Example 8.1 A standard deck of playing cards has 52 cards, 13 cards (2 through 10, jack, king, queen, ace) in each of 4 suits (hearts, diamonds, clubs, spades). Shuffle a deck and deals cards one at a time without replacement.

  1. Find the probability that the first card dealt is a heart.




  2. If the first card dealt is a heart, determine the conditional probability that the second card is a heart.




  3. Find the probability that the first two cards dealt are hearts.




  4. Find the probability that the first two cards dealt are hearts and the third card dealt is a diamond.

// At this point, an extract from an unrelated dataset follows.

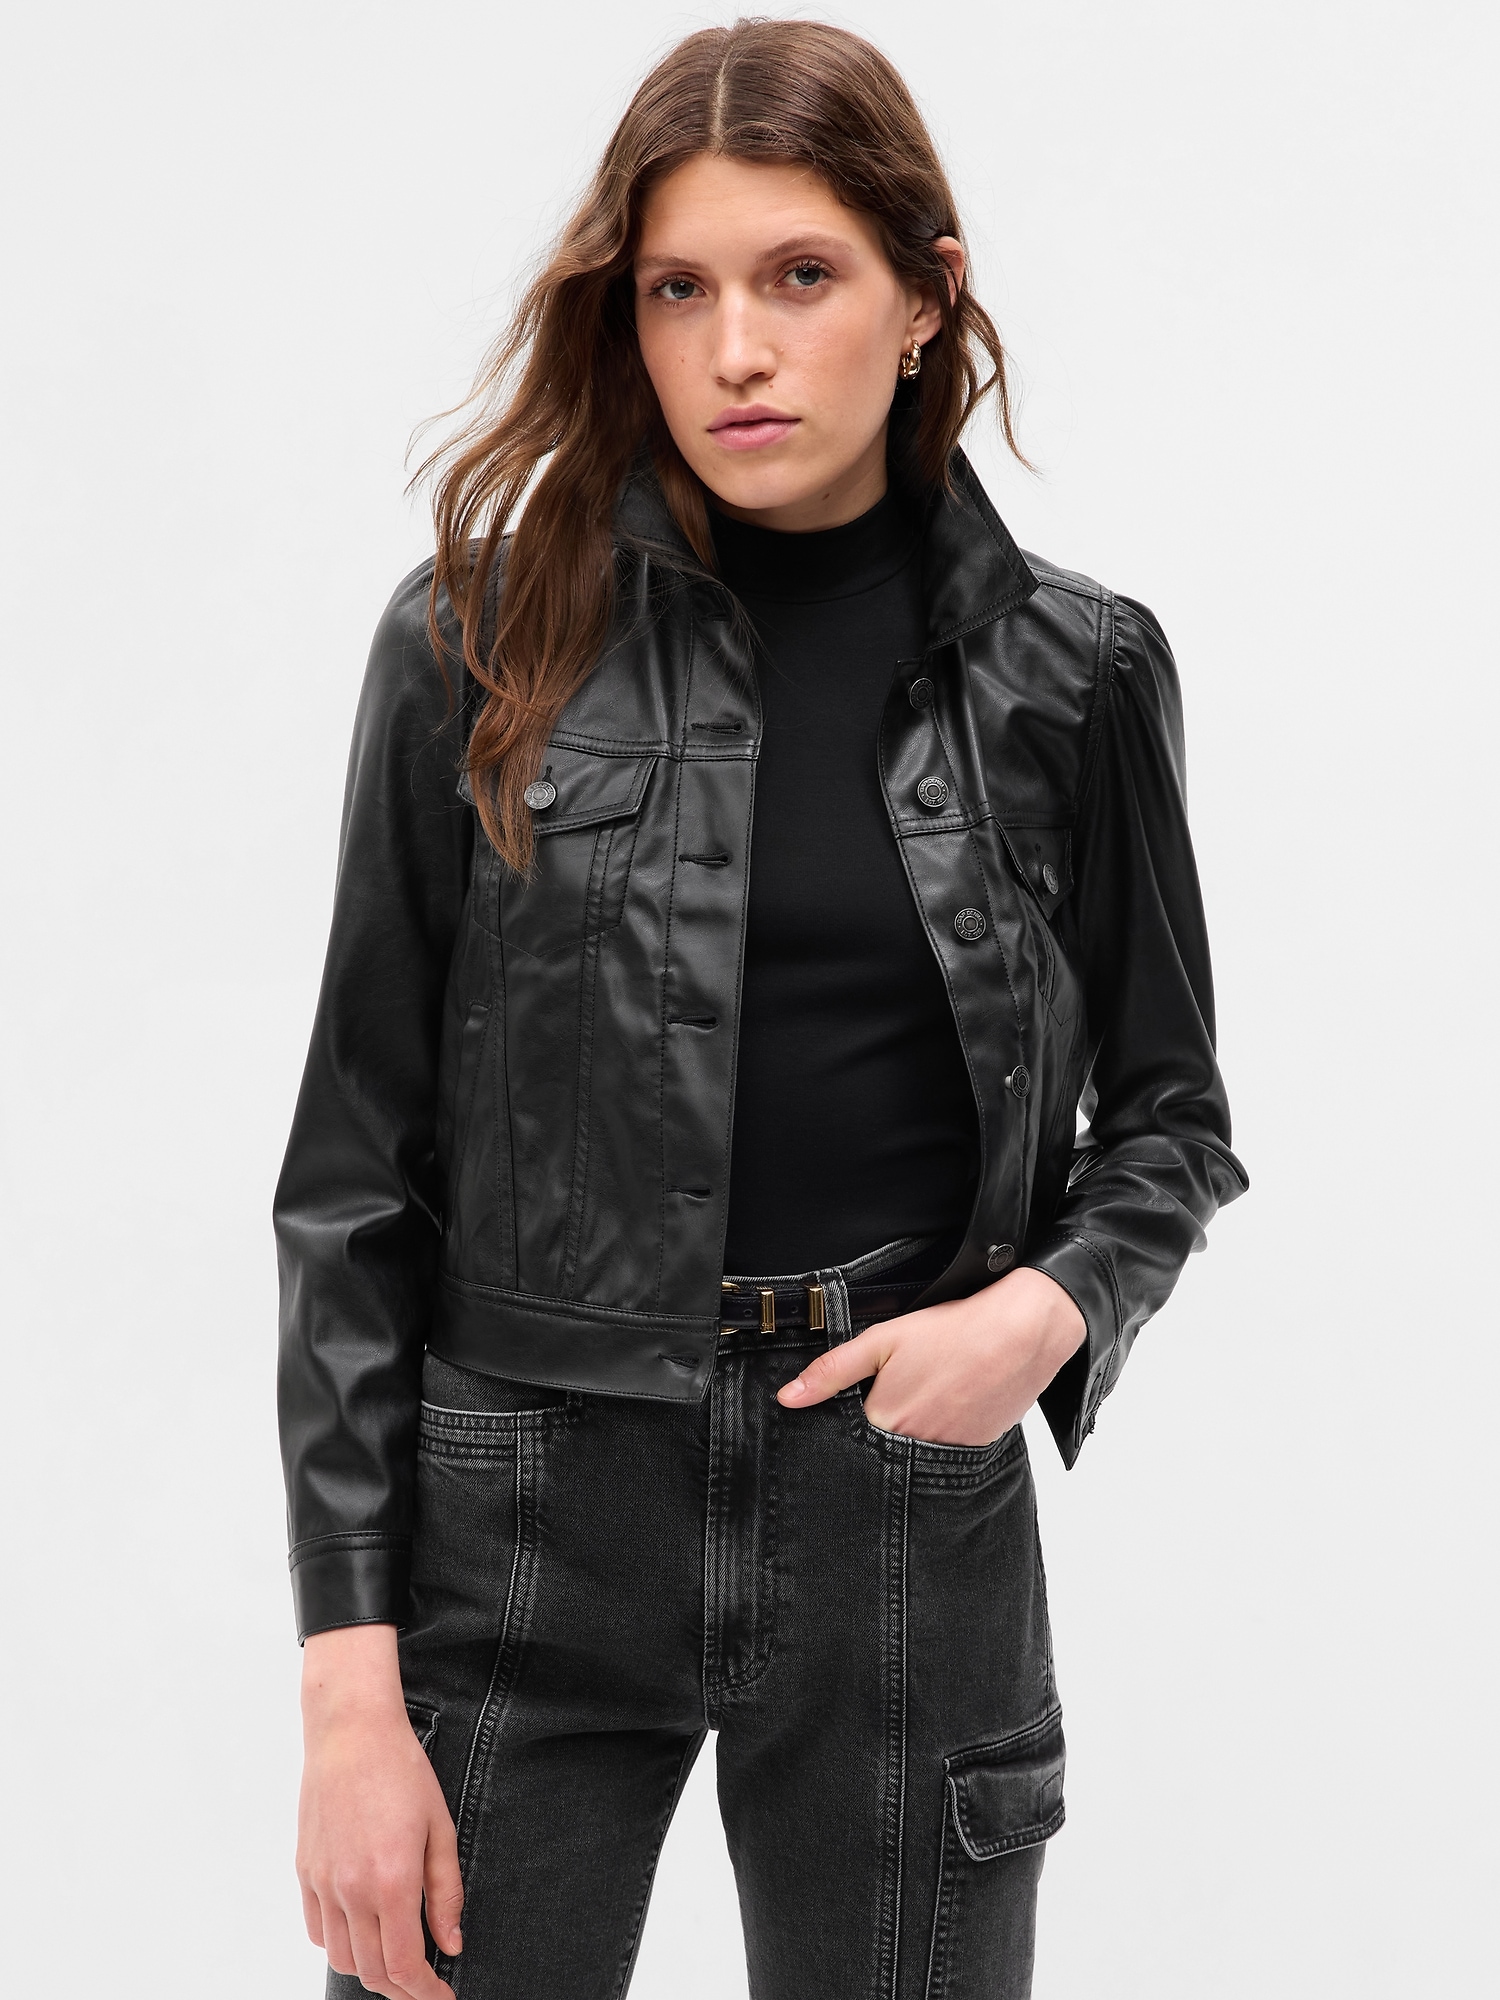 Women's Vegan Leather Moto Jacket by Gap Black Tall Size S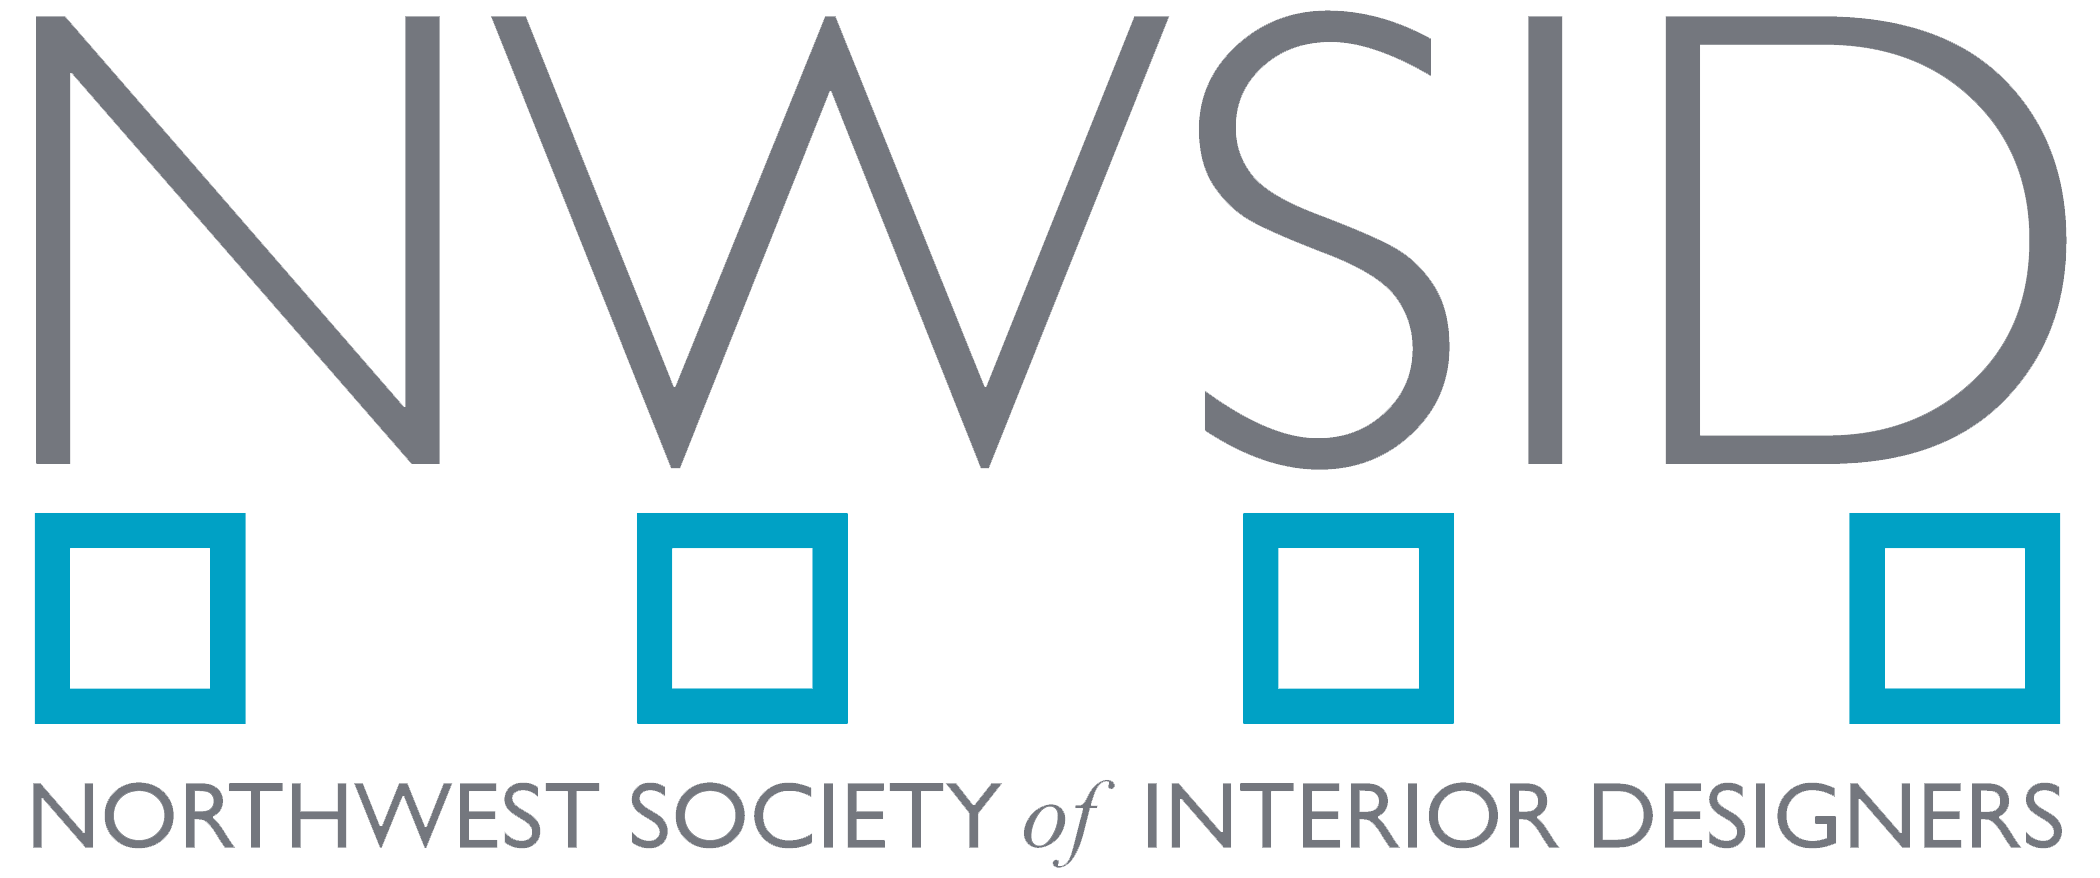 NWSID logo

  • The multiplication rule extends naturally to more than two events (though the notation gets messy). For three events, we have \[ \text{P}(A_1 \cap A_2 \cap A_3) = \text{P}(A_1)\text{P}(A_2|A_1)\text{P}(A_3|A_1\cap A_2) \]
  • And in general, \[ \text{P}(A_1\cap A_2 \cap A_3 \cap A_4 \cap \cdots) = \text{P}(A_1)\text{P}(A_2|A_1)\text{P}(A_3|A_1\cap A_2)\text{P}(A_4|A_1\cap A_2 \cap A_3)\cdots \]
  • The multiplication rule is useful for computing probabilities of events that can be broken down into component “stages” where conditional probabilities at each stage are readily available. At each stage, condition on the information about all previous stages.

Example 8.2 The birthday problem concerns the probability that at least two people in a group of \(n\) people have the same birthday1. Ignore multiple births and February 29 and assume that the other 365 days are all equally likely2.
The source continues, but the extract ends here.